Kenya imposes ban on logging for 90 days

Kenya’s Deputy President William Ruto on Saturday suspended logging in all forests in the country for the next three months as water levels in major rivers continue to drop at alarming levels. This move is part of efforts by the country’s government to respond to the drought that is sweeping the country.

“The government has with immediate effect imposed a moratorium on timber harvesting in all public and community forests for a period of 90 days to allow reassessment and rationalisation of the entire forest sector in Kenya,” Ruto said.

The ban on logging comes three days after the country’s Members of the National Assembly Environment and Natural Resource Committee appealed to the Government to consider totally banning logging to save the water towers.
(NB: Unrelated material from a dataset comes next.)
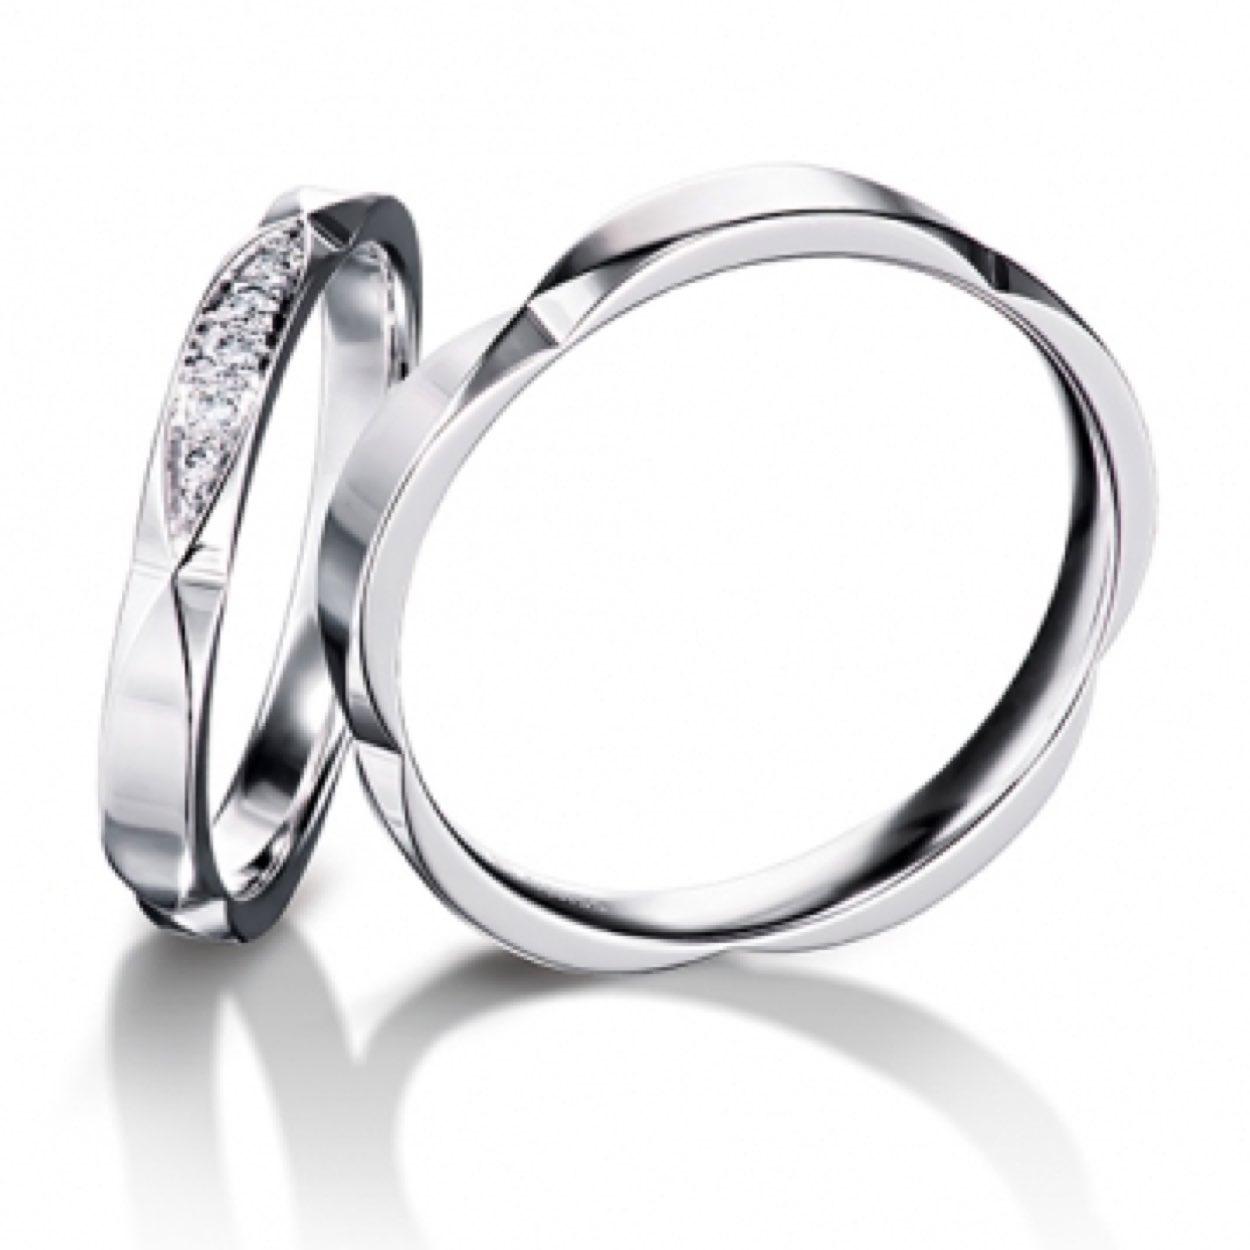 〈結婚指輪〉Sakura

In addition to the ban on tree cutting for 90 days Mr. Ruto asked the environment ministry to form a task force working group to find solutions to the crisis.

Before independence in 1963, forests covered 12% of Kenya but today they represent only 7.5% of it’s territory as illegal logging, charcoal production and human encroachment have continued to ruin the country’s watersheds.

Among them, the most important – the Mau Forest in the Rift Valley, whose rivers feed 7 lakes, including Lake Victoria and the Masai Mara game reserve. “It’s too late, this decision should have been made ten years ago,” said Richard Keter, chairman of the NGO Greenlife Ecosystem, replanting trees in the Mau forest.

As Earth Journalism reports, as early as 1990, people invaded the Mau forest to burn trees into charcoal, an activity that decimated the forest and drove away much of the bee population. By 2000, this damage had spread to more than 100,000 hectares of the forest.

According to United Nations Environment Programme (UNEP), up to 107,000 hectares of the Mau Forest Complex’s 416,000 hectares were destroyed between 1990 and 2001.